Stopping Violence, Not Free Speech

May 20, 1994

To hear abortion opponents describe it, legislation protecting access to women's reproductive health clinics will outlaw peaceful protests protected by the Constitution. But the history of abuse heaped on these clinics is anything but peaceful.

For years now, many clinics that offer abortions -- along with contraceptives, cancer screening, prenatal care, fertility treatment or other reproductive health services -- have operated virtually under siege. By one count, clinics and their staffs have been the targets of more than 1,000 acts of violence in the past 10 years.

In addition to protesters who hover outside to dissuade people from using the clinics, these sites have sustained millions of dollars of damage. Bombings, arson, acid attacks that leave putrid smells and render furniture and supplies unusable -- the list of crimes is shockingly long. Staff members of clinics have been harassed by death threats, stalkers and other means of intimidation. The hostility culminated in the murder of Dr. David Gunn last year outside a clinic in Pensacola, Fla.

This history of violence needs to be taken into account in assessing the reaction to passage of legislation making it a federal crime to attack or blockade abortion clinics, staff members or clients. This newspaper has never doubted the sincerity of many of the people who publicly demonstrate their abhorrence of abortion. But neither do we doubt that elements of the anti-abortion movement have carried out a sustained campaign against these clinics that has frequently spilled over into criminal violence and intimidation.

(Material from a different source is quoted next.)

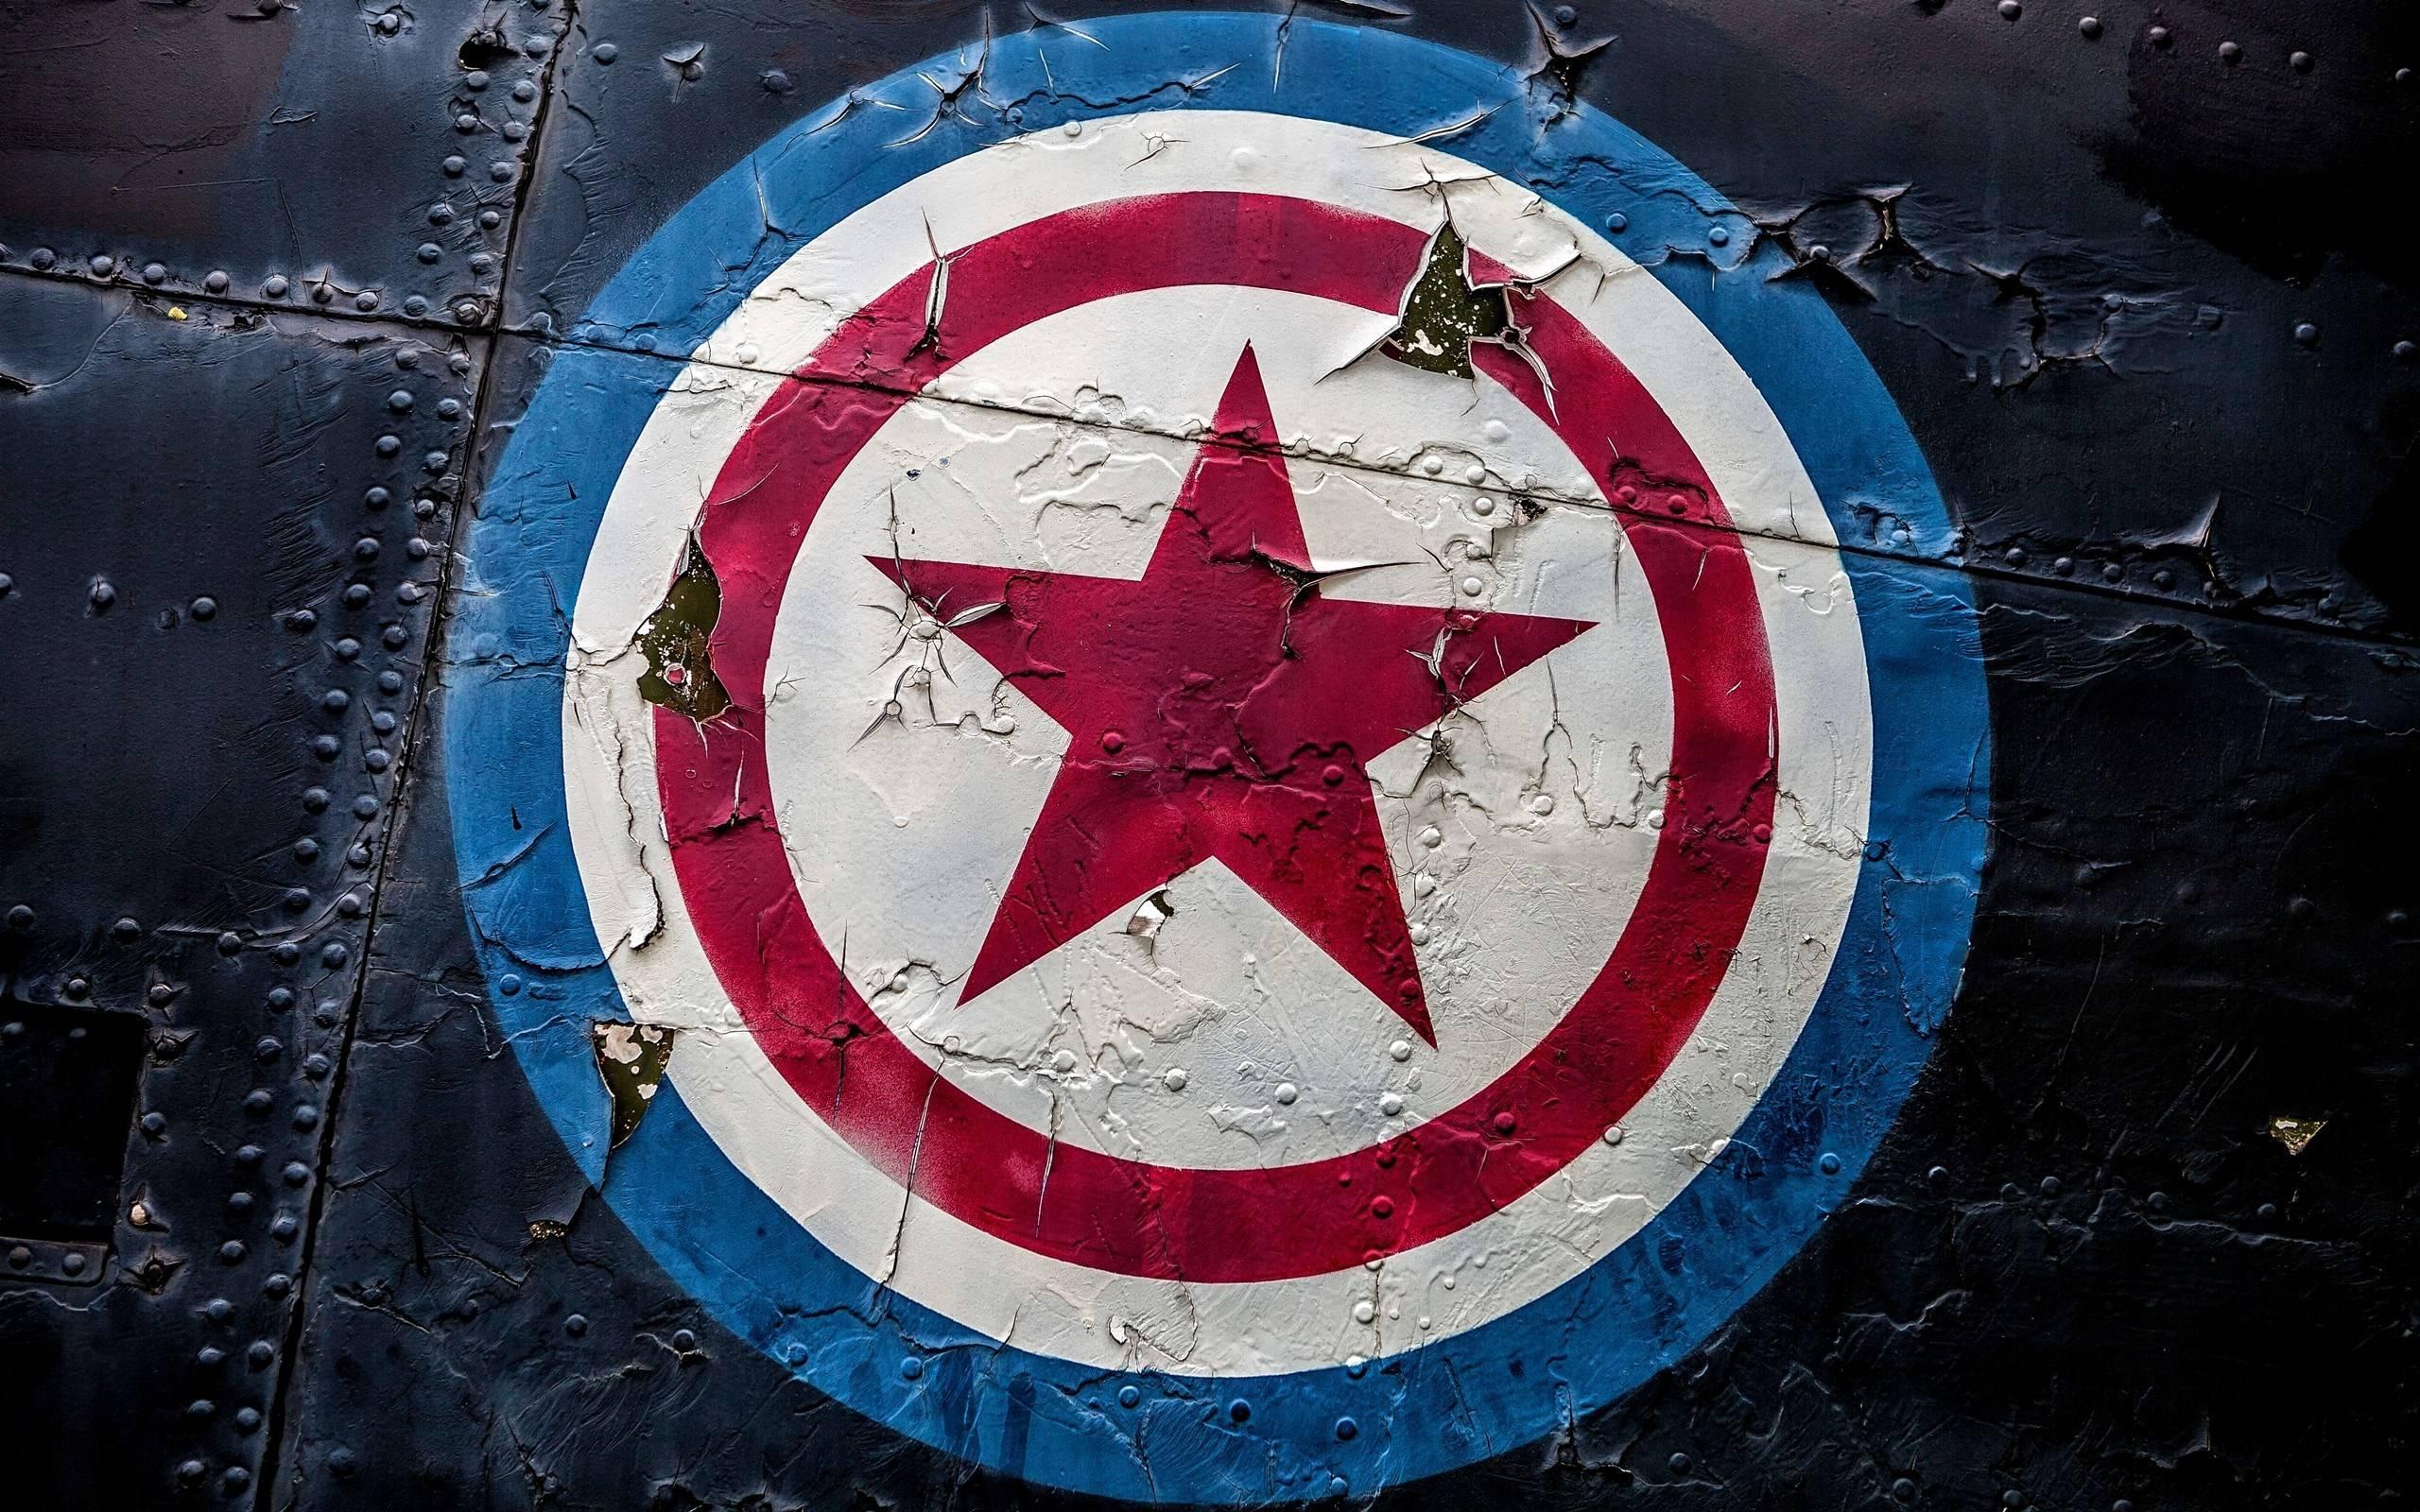 1920x1080 Captain America Laptop Full Hd 1080p Hd 4k Wallpapers

Still, some would argue that the nation does not need a federal law to address this problem, that existing criminal statutes are adequate. On that point the record speaks for itself. Across the country, state and local law enforcement agencies have lacked either the resources or the will to stop this campaign of terror. Some local law enforcement agencies have even said they need federal help.

Moreover, the bill is carefully drawn to protect free speech and to guard against dampening citizens' rights to peaceful protest. Those rights do have limits. No one would argue that faith healers, for instance, have a right to drive around hospitals all night honking their horns to protest the practice of scientific medicine.

We repeat: Despite what its opponents say, this bill is aimed at stopping violence, not peaceful demonstrators. Abortion opponents have every right to make their convictions known. But in this country, they do not have the right to force those beliefs on others.